3.3 De Rechtbank heeft deze verweren verworpen, evenals de overige
verweren van Fino ten aanzien van haar door de verzekeraars gestelde
aansprakelijkheid. De Rechtbank gelastte bewijslevering ten aanzien
van de omvang van de schade.
3.4 In het daartegen door Fino ingestelde hoger beroep heeft het Hof
het bestreden vonnis vernietigd en de vordering van de verzekeraars
alsnog afgewezen. Samengevat weergegeven en voorzover in cassatie van
belang, heeft het daartoe als volgt overwogen.
(a) De centrale vraag is of Fino toerekenbaar is tekortgeschoten in
haar verplichtingen die uit de beveiligingsovereenkomst voortvloeiden
tegenover Mevi, respectievelijk of zij onrechtmatig heeft gehandeld
tegenover de eigenaren van de ontvreemde sigaretten (rov. 3). Omdat in
het onderhavige geval van een inspanningsverbintenis sprake is, moet
worden nagegaan of Fino is tekortgeschoten in de inspanning die onder
de gegeven omstandigheden op grond van de beveiligingsovereenkomst van
haar kon worden verlangd (rov. 4).
(b) Wat betreft de eerste inbraak hebben de surveillanten van Fino,
die geen toegang hadden tot de loods, het inwendige daarvan met behulp
van camera's onderzocht en daarbij geen onregelmatigheden
geconstateerd. Ook de roldeur die zich het dichtst bij de onderhavige
detector bevond, is gecontroleerd. Voorts is het alarm gereset en is
bij de meldkamer van Fino gecontroleerd of de alarminstallatie weer op
scherp stond, hetgeen het geval was. Gedurende die nacht hebben
surveillanten met wisselende frequentie per auto op het
bedrijfsterrein gesurveilleerd. Wat betreft de tweede inbraak hebben
zowel twee surveillanten van Fino als 24 man van de brandweer ter
plaatse een onderzoek ingesteld. De surveillanten hebben dit keer ook
de loods zelf betreden en hebben daar met name de omgeving van de
detector die was afgegaan, onderzocht. Zij hebben geen brand(lucht) of
onraad geconstateerd. Ook deze nacht hebben surveillanten met
wisselende intervallen per auto op het bedrijfsterrein gesurveilleerd
(rov. 5).
(c) Onder deze omstandigheden is geen sprake van een toerekenbare
tekortkoming dan wel een onrechtmatige daad van Fino. Niet is komen
vast te staan dat Fino, mede gelet op de voor haar surveillances in
rekening gebrachte prijs, niet heeft gedaan wat redelijkerwijs van
haar mocht worden verwacht (rov. 6). Dat sprake zou zijn van een
toerekenbare tekortkoming dan wel een onrechtmatige daad is te minder
voor de hand liggend nu de onderhavige alarminstallatie veelvuldig
loze meldingen gaf (rov. 9).
(d) Weliswaar heeft Fino minder frequent gesurveilleerd dan
overeengekomen, maar niet is aannemelijk gemaakt of zelfs gesteld dat
causaal verband bestaat tussen de gevorderde schade en de frequentie
van de surveillances (rov. 6). Voorts is in de specifieke
omstandigheden van het geval niet komen vast te staan dat
surveillanten de inbraak zouden hebben ontdekt indien zij tijdens de
beide inbraken wél rondom de loods hadden gesurveilleerd (rov. 7-8).

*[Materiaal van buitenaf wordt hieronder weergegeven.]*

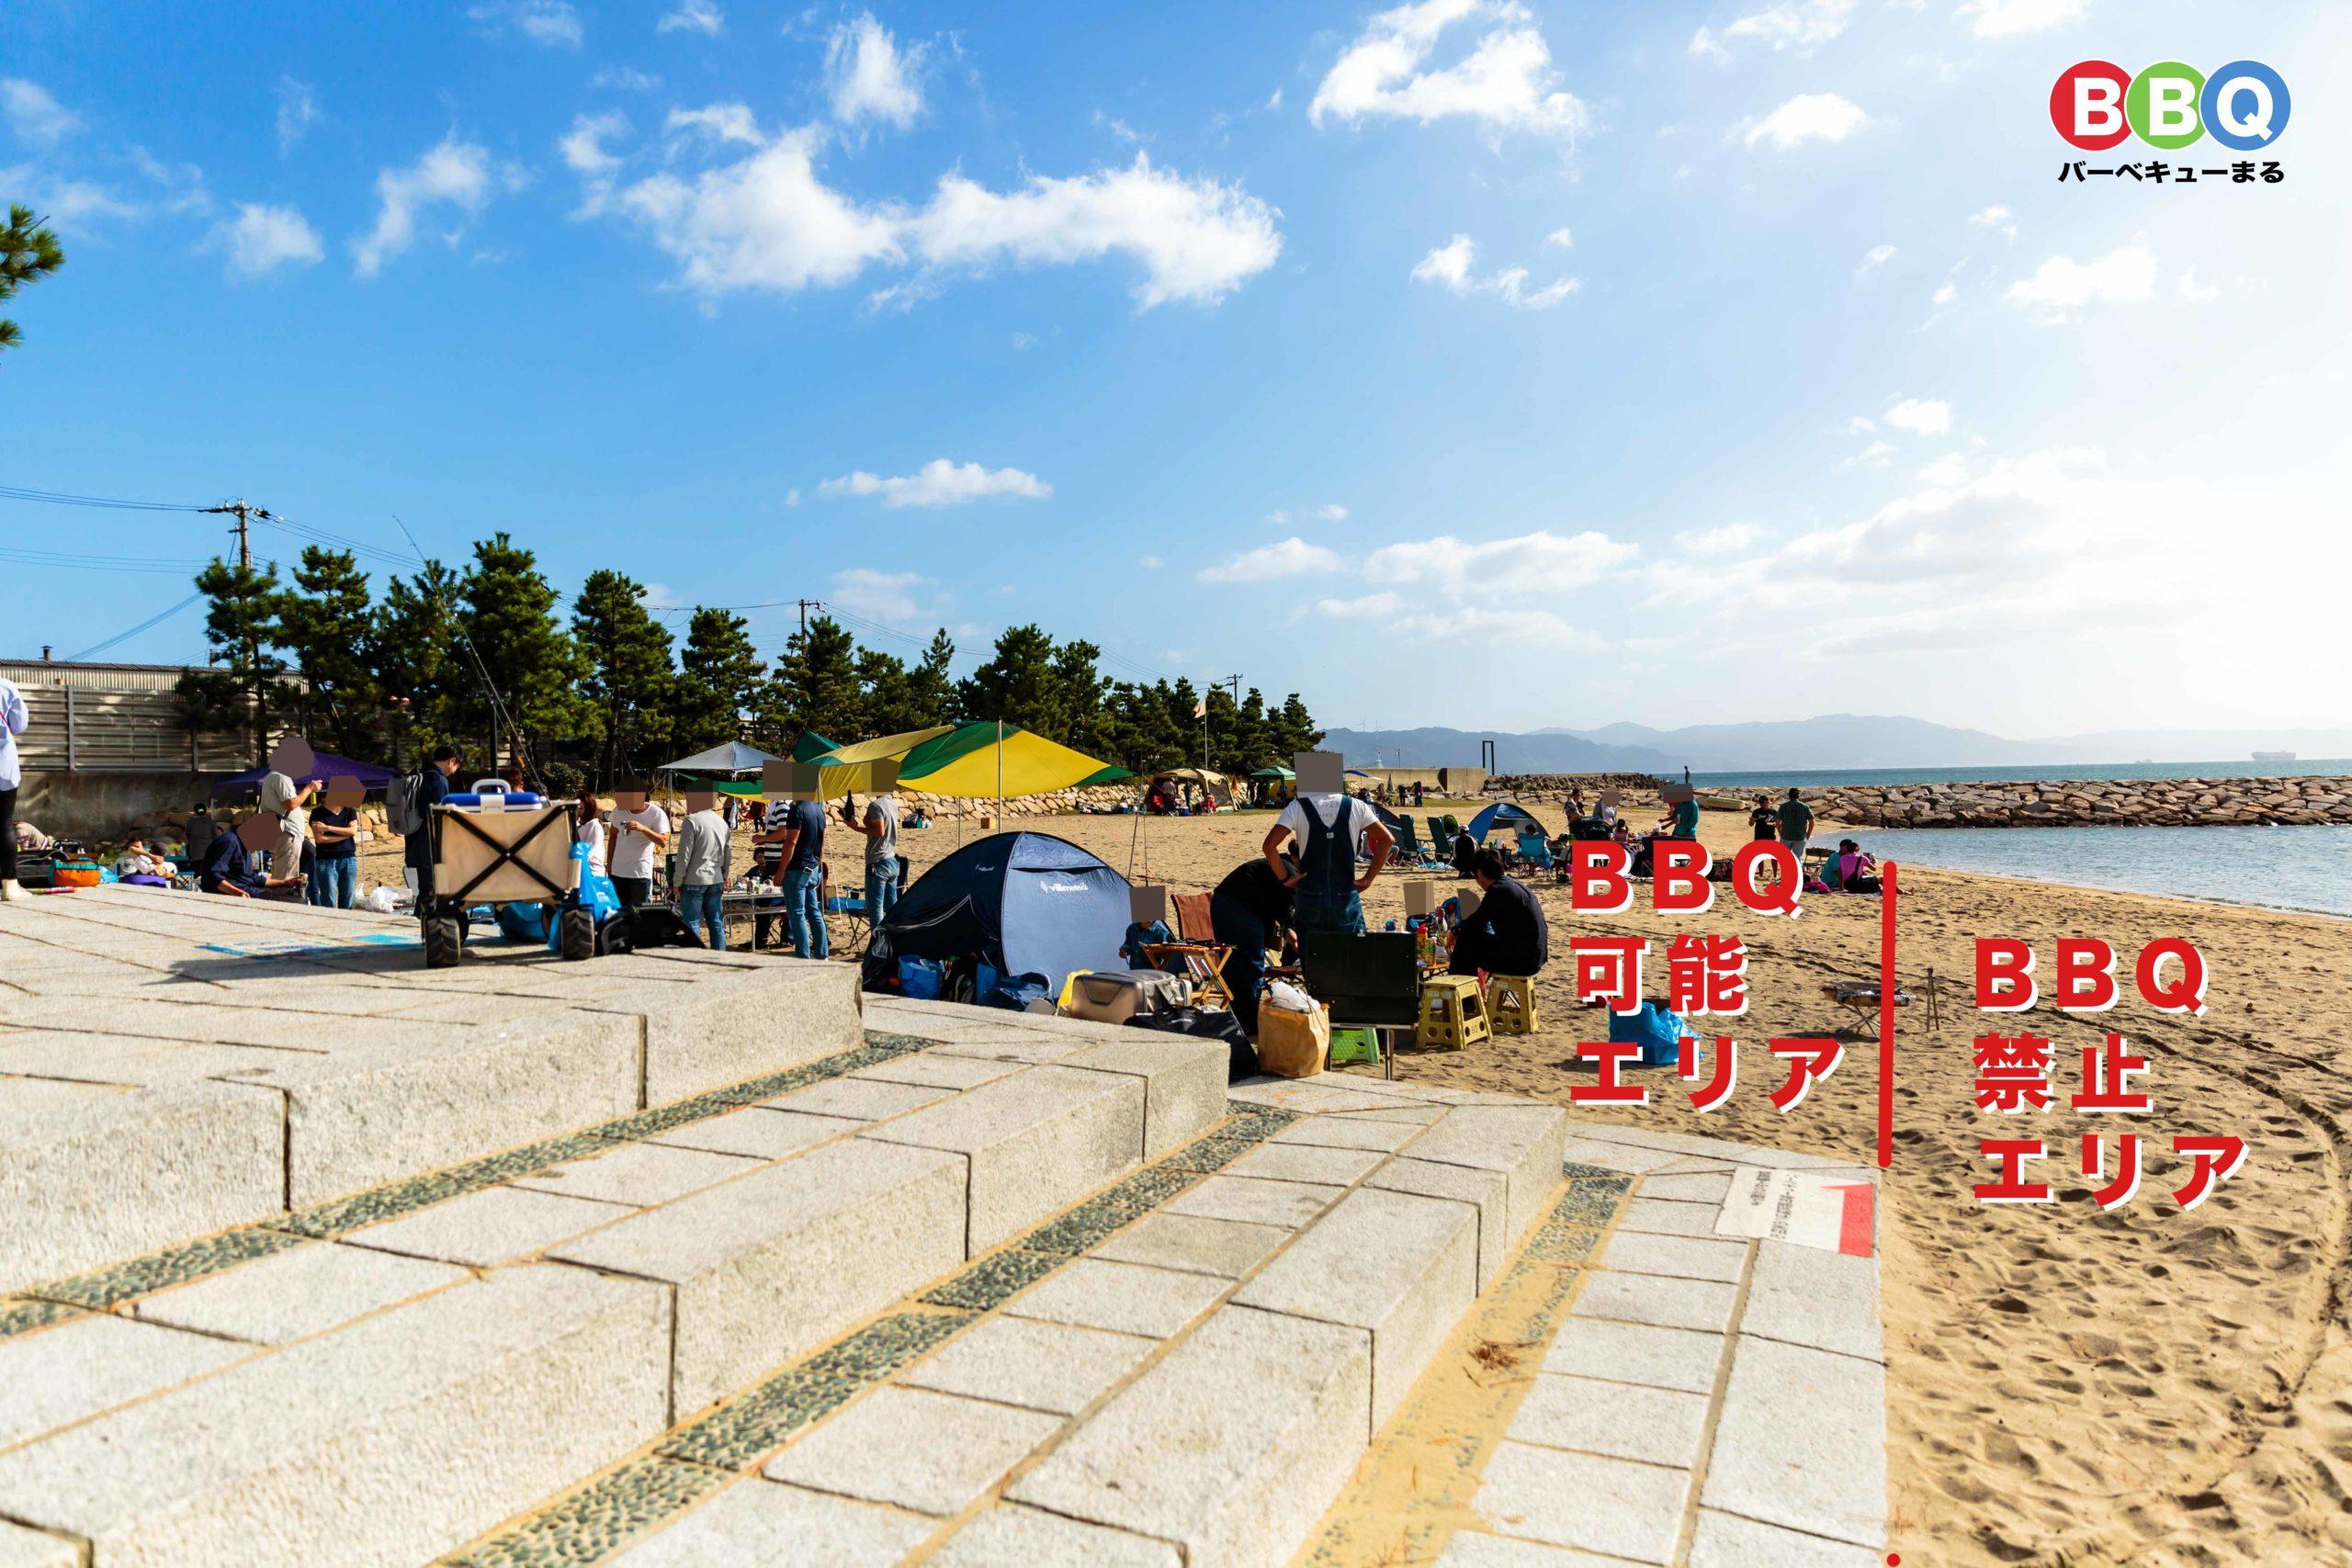 林崎松江海岸の東側バーベキューエリア
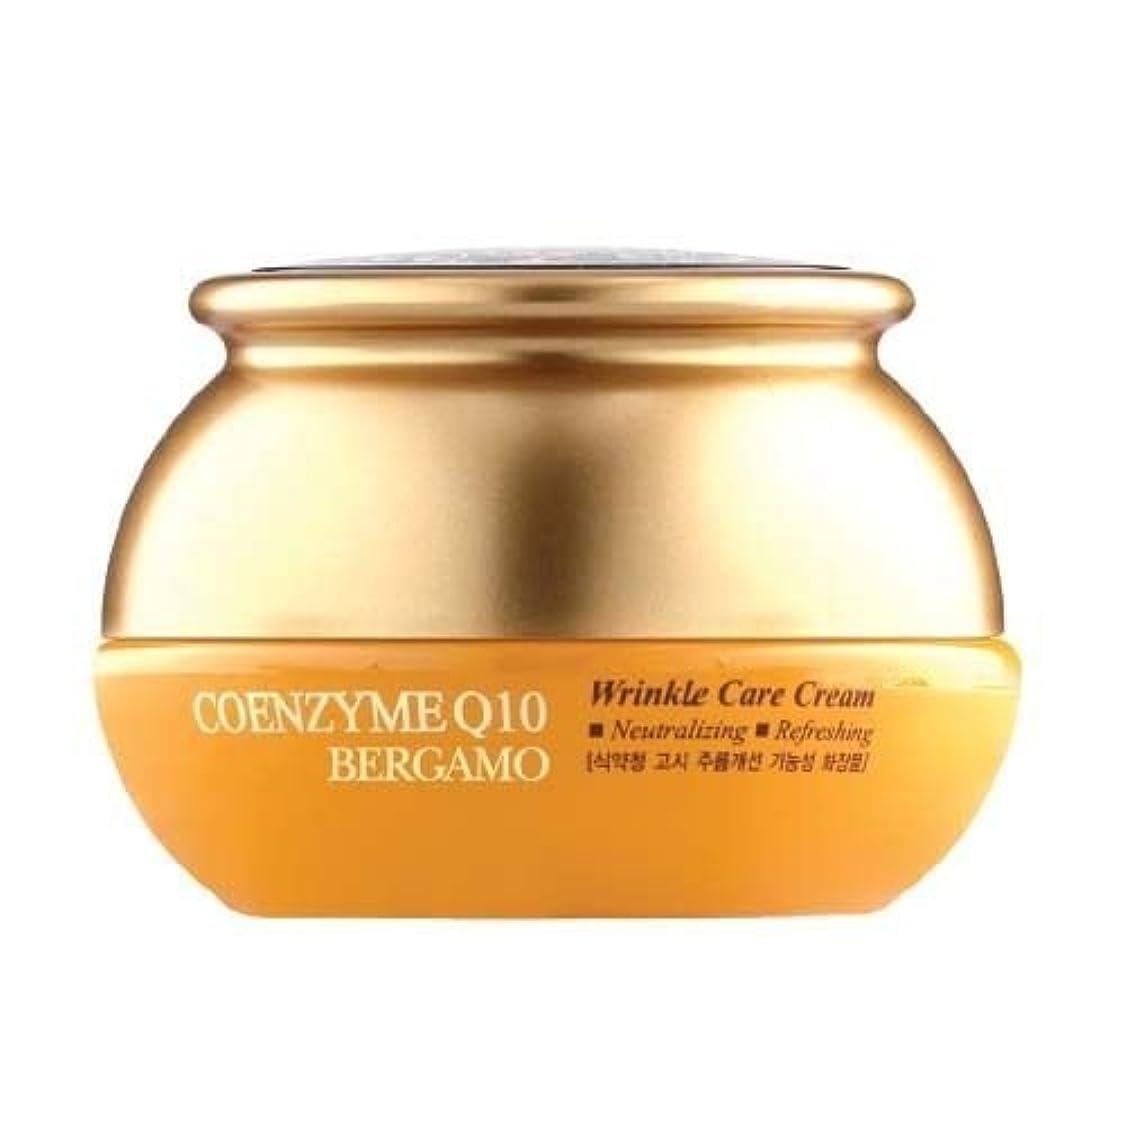 グローコンパニオンコンクリートベルガモ[韓国コスメBergamo]Coenzyme Q10 Wrinkle Care Cream コエンザイムQ10リンクルケアクリーム50ml しわ管理 [並行輸入品]

3.5 Onderdeel Ib - onderdeel Ia bevat geen klacht - stelt dat het Hof ten onrechte op grond van het ontbreken van causaal verband tussen de als gevolg van de inbraak geleden schade en de gestelde tekortkoming van Fino, heeft geoordeeld dat Fino niet is tekortgeschoten in de nakoming van haar contractuele verbintenissen. Deze beide voorwaarden voor aansprakelijkheid moeten van elkaar worden onderscheiden. Het onderdeel mist feitelijke grondslag. In 's Hofs arrest is wel degelijk onderscheid gemaakt tussen de vragen of Fino toerekenbaar is tekortgeschoten in de nakoming van haar verplichtingen uit de beveiligingsovereenkomst (zie hiervoor onder 3.4(c)) en of causaal verband bestaat tussen die eventuele tekortkoming (dan wel onrechtmatig handelen) en de door Mevi en de eigenaren van de ontvreemde sigaretten geleden schade (zie onder 3.4(d)).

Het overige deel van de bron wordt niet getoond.